Quitte à donner un avis peu nuancé, on peut considérer The Killing Joke comme LE comics ultime de Batman, avant les chefs-d’oeuvre de Frank Miller, puisque l’un est « seulement » une origin-story (Year One) et l’autre quasiment un else-world (The Dark Knight Returns). The Killing Joke a l’avantage de réunir des éléments classiques tout en se démarquant de la masse des publications Batman avec une marge à peine entamée en 25 ans d’histoire. Tel Midas qui change en or tout ce qu’il touche, Alan Moore a fait de sa seule intervention sur le Chevalier Noir la plus mémorable de la carrière de celui-ci.
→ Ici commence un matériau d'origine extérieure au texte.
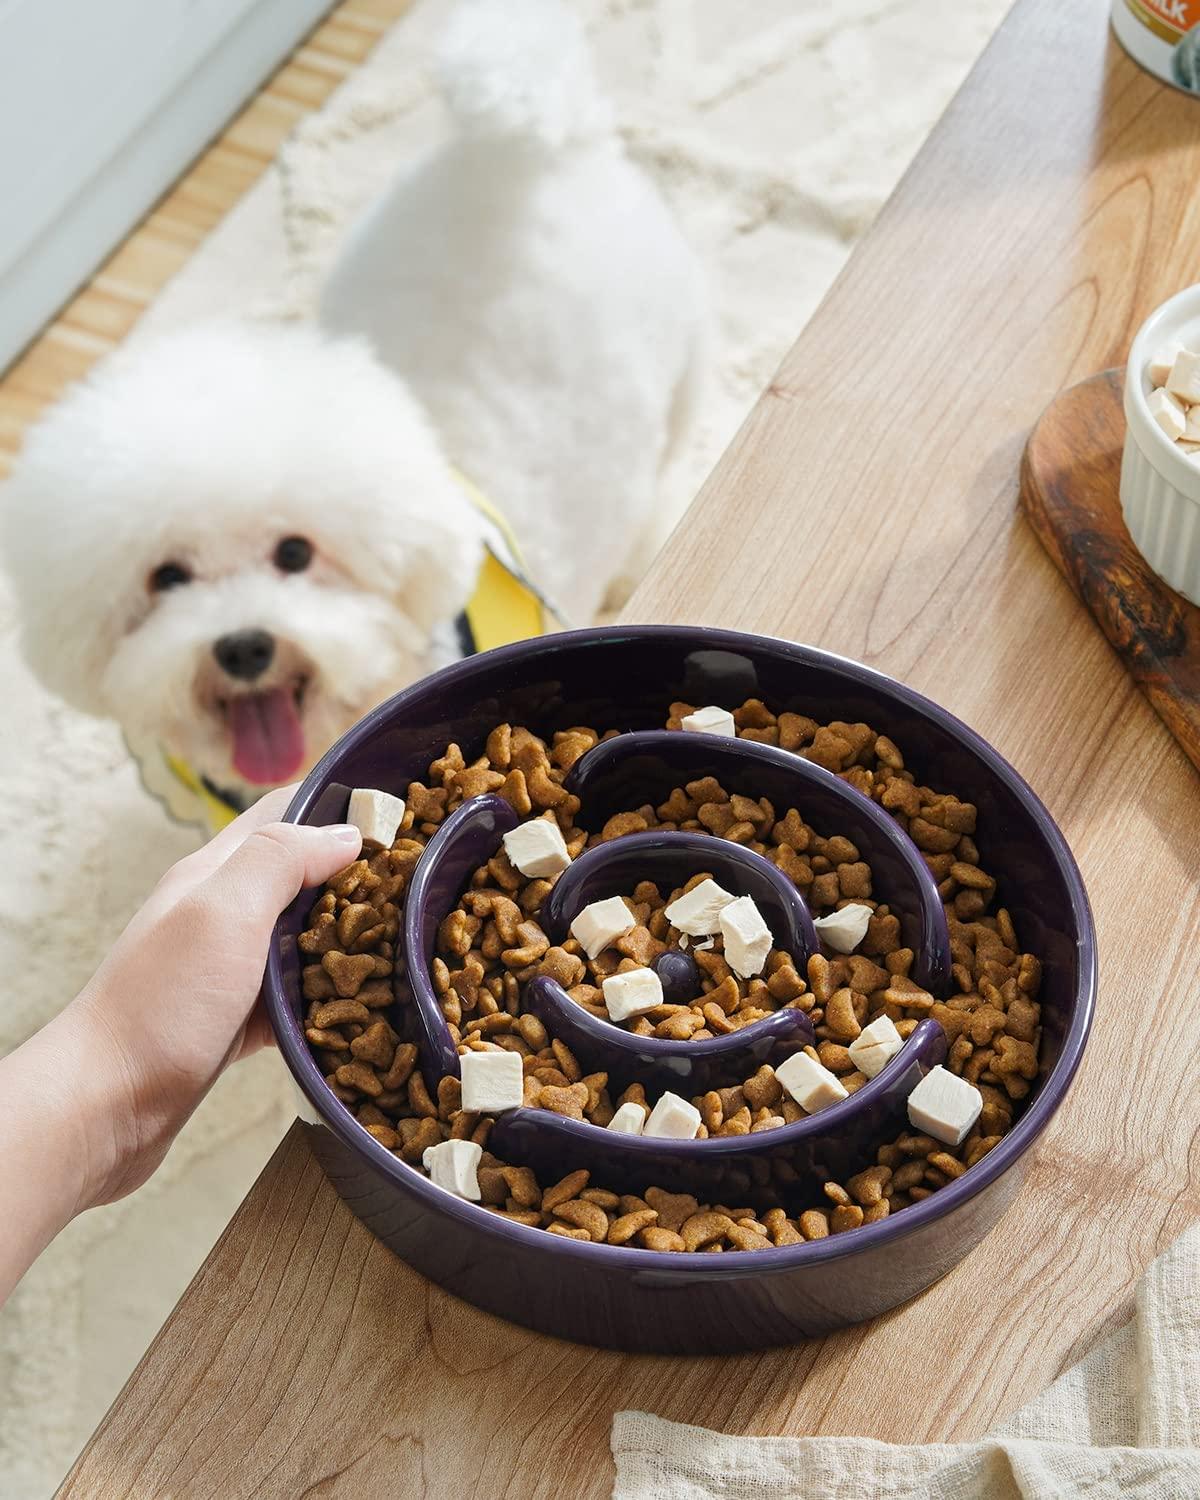 Slow Feeder Large Dog Bowls for Large Medium Dog Non Slip Maze

Dire de The Killing Joke qu’il est un indispensable ne lui rend même pas justice.
Il est vraiment excellent et j’attendais cette review.
Je conseil The Killing Joke à tout les fans de Batman et du Joker.
Il me le faut celui la !! J’espère qu’Urban va le sortir !!!!!!!!!!!
En anglais il est déjà très bon.
Je ne sais pas s’il va sortir en français, je ne pense pas en tout cas.
Panini l’avait sorti !
Oui mais bon je préfère qu’Urban ressorte une édition pour un neuf a un prix raisonnable ;)
Il doit bien y avoir 2 ou 3 éditeurs VF qui l’ont sortis entre Bethy, Delcourt et Panini. Un des albums les plus réédités en VF, c’est bien pour ça que Urban Comics ne le sort pas de suite.
Je sais mais je lis que de la VF moi :p
Je crois que je n’ai jamais vu le Joker si mal traité que dans A Death in the Family! (on peut mettre ça sur sa personalité changeante cela dit) Sinon Urban ressortez le je vous en prire, il faut absolument que je le lise!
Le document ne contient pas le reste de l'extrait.